▶ [Your task]:
An exact copy of the lines from the top of the data through the line with "Wireback Notebook colour" is what you should give, with no pictures in it.

▶ [Source material]:
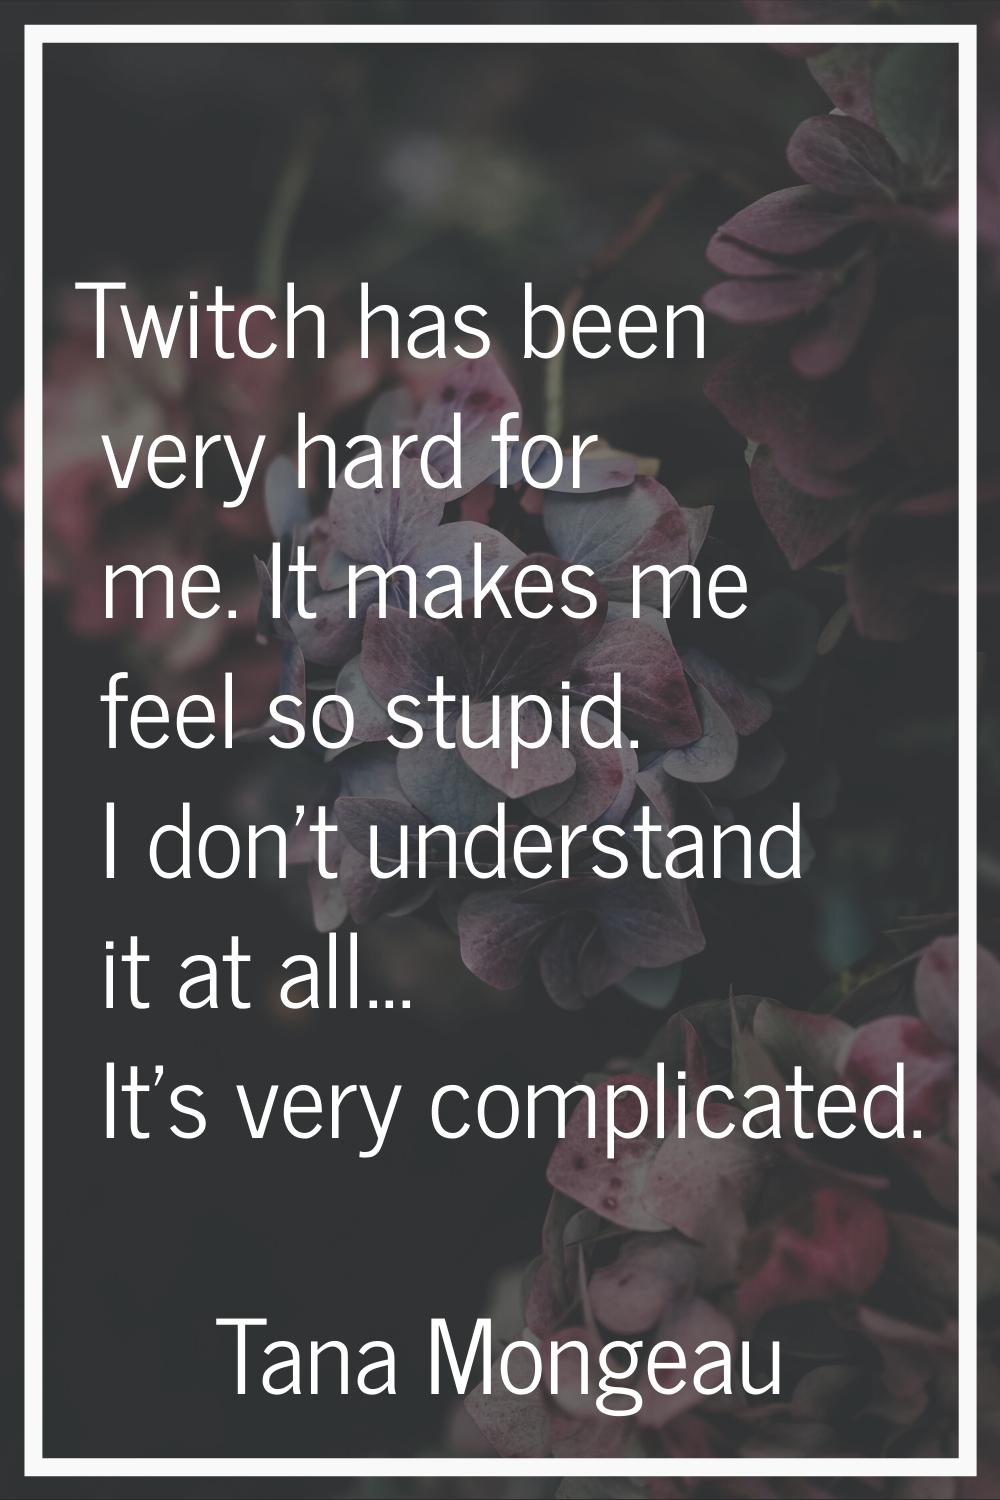 Twitch has been very hard for me. It makes me feel so stupid. I don't understand it at all... It's 
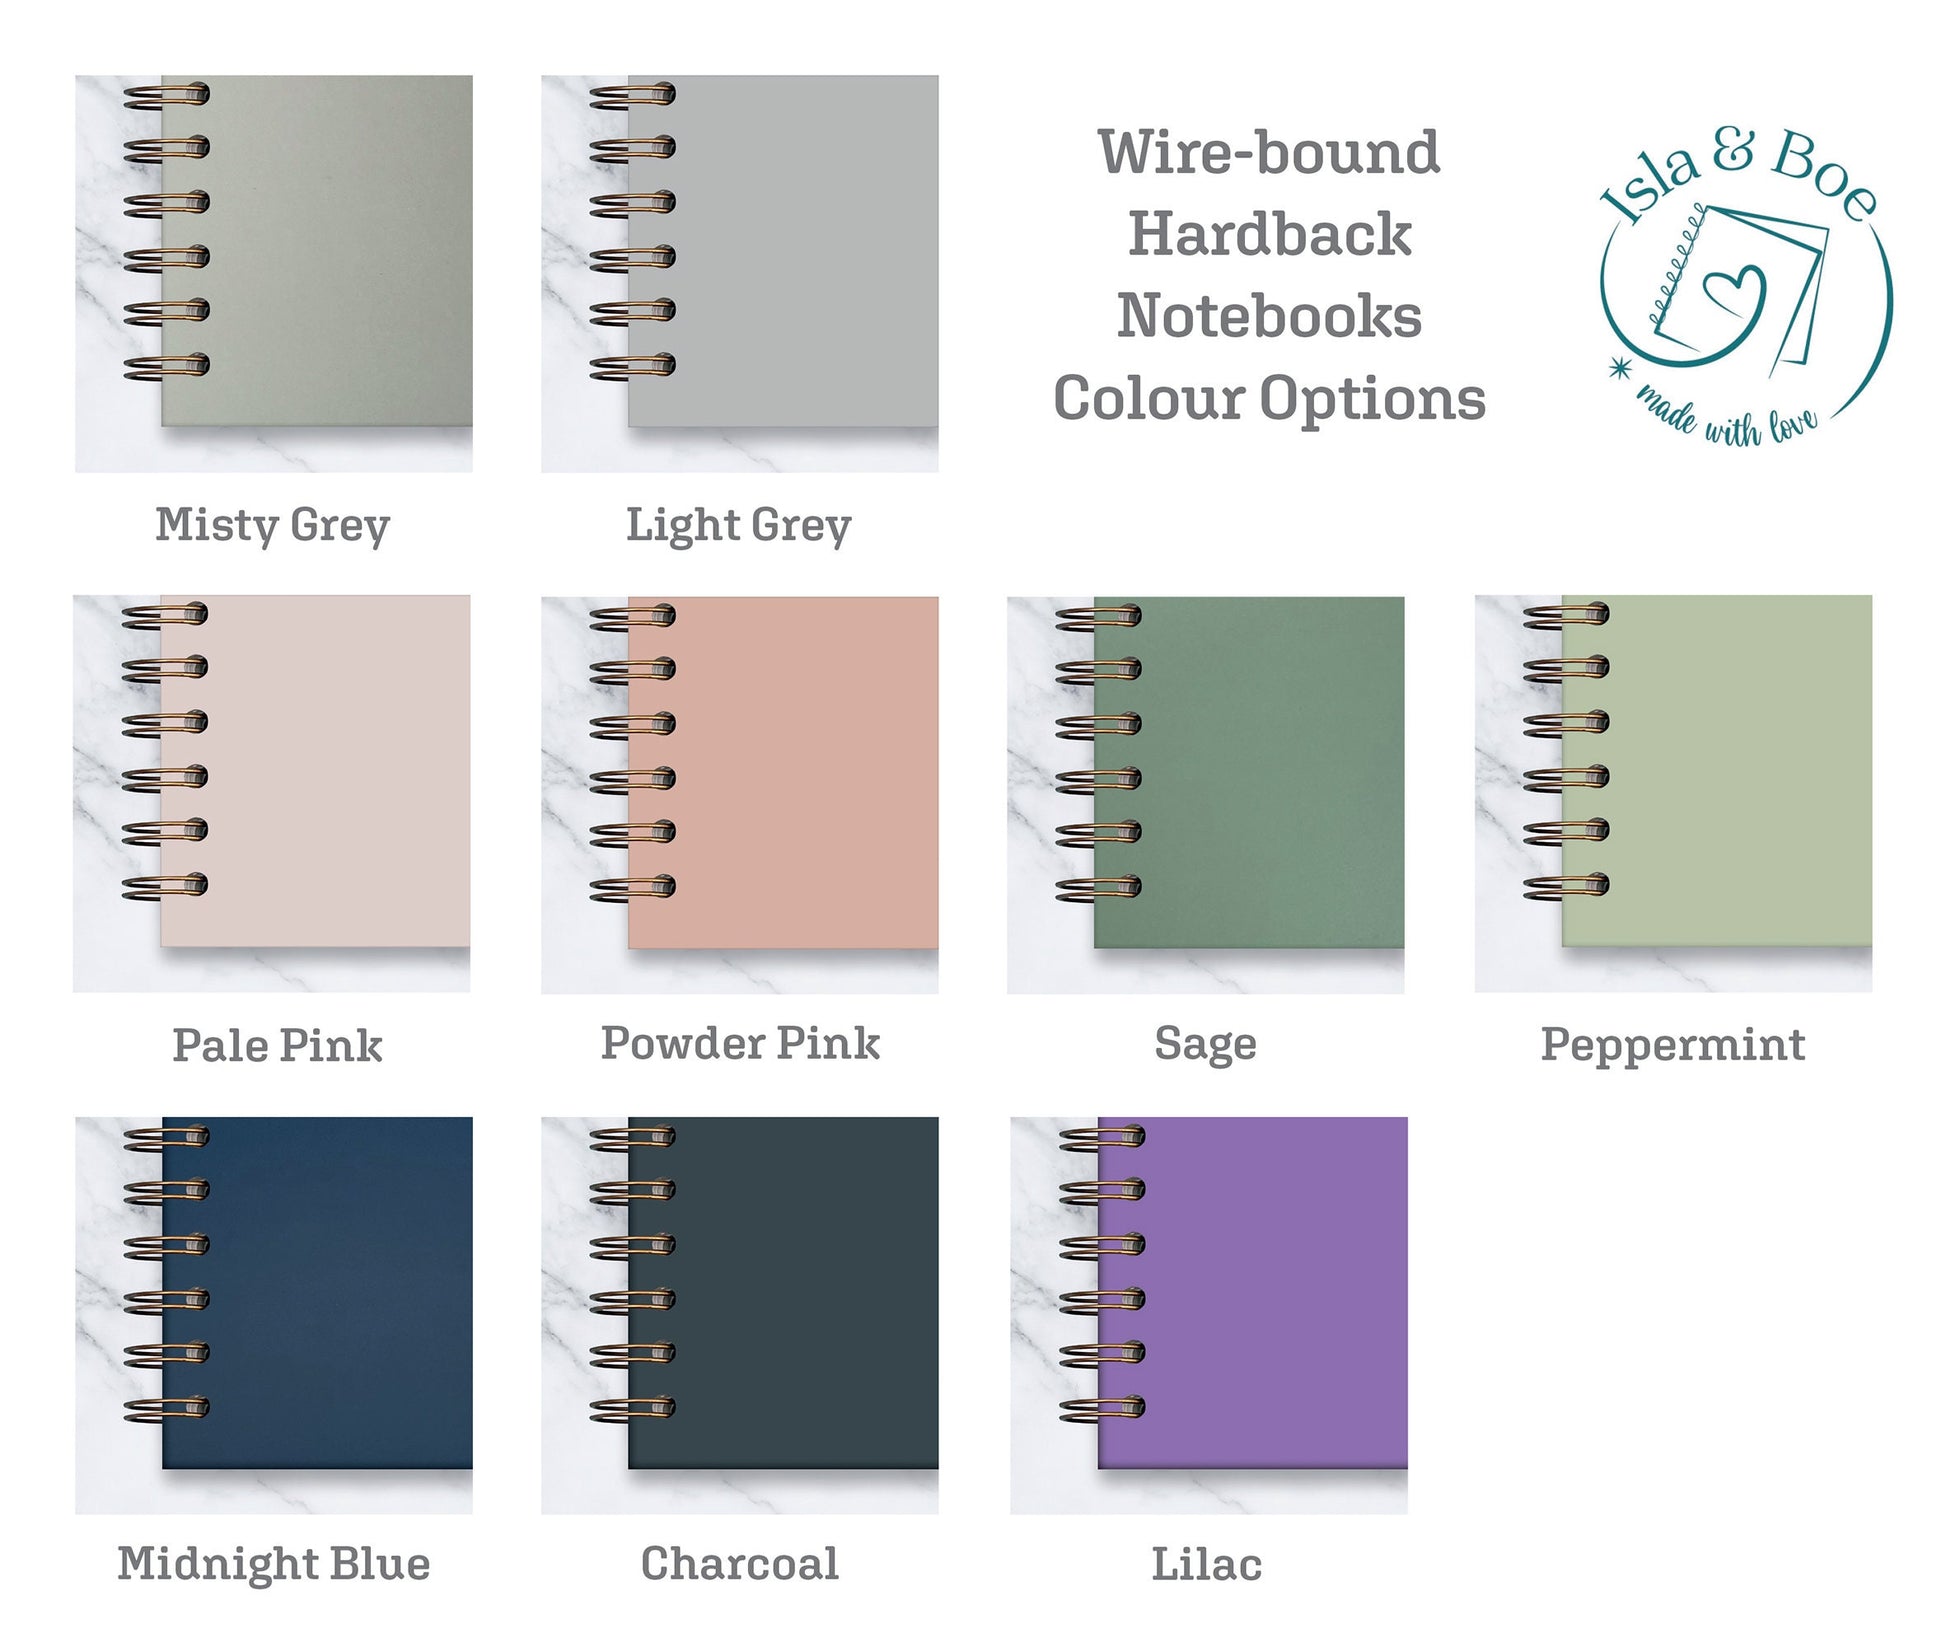 Wireback Notebook colour option swatch. There is Light Grey, Misty Grey, Pale pink, Powder Pink, Sage, Peppermint, Midnight Blue, Charcoal and Lilac.
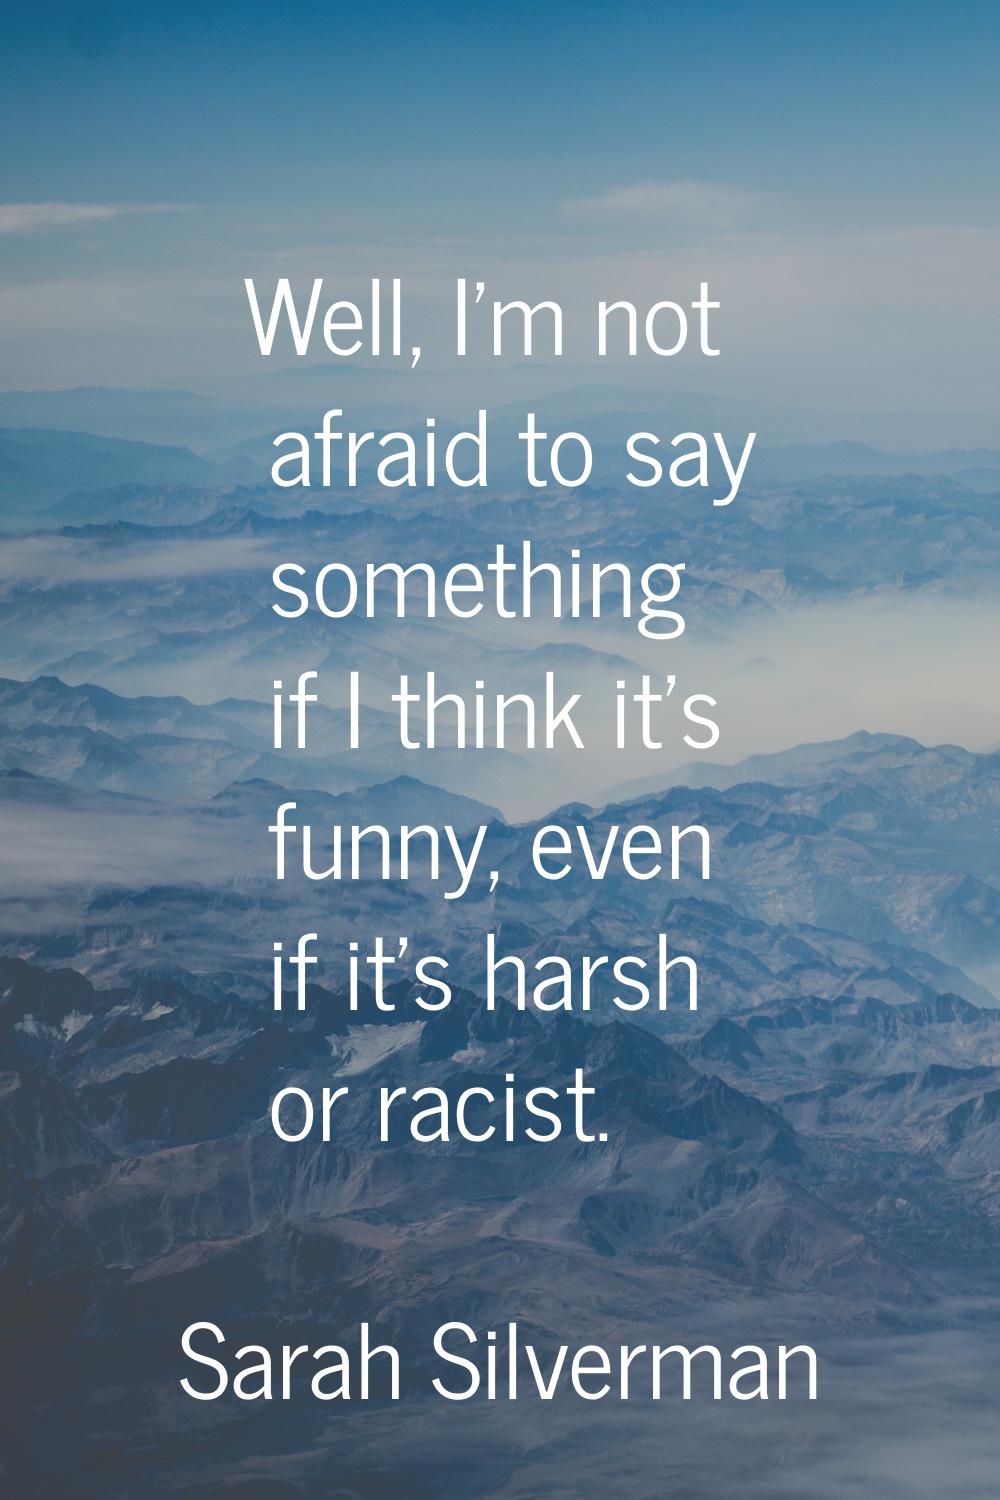 Well, I'm not afraid to say something if I think it's funny, even if it's harsh or racist.

▶ [Solved problem]:
 Twitch has been very hard for me. It makes me feel so stupid. I don't understand it at all... It's 
 Wireback Notebook colour option swatch. There is Light Grey, Misty Grey, Pale pink, Powder Pink, Sage, Peppermint, Midnight Blue, Charcoal and Lilac.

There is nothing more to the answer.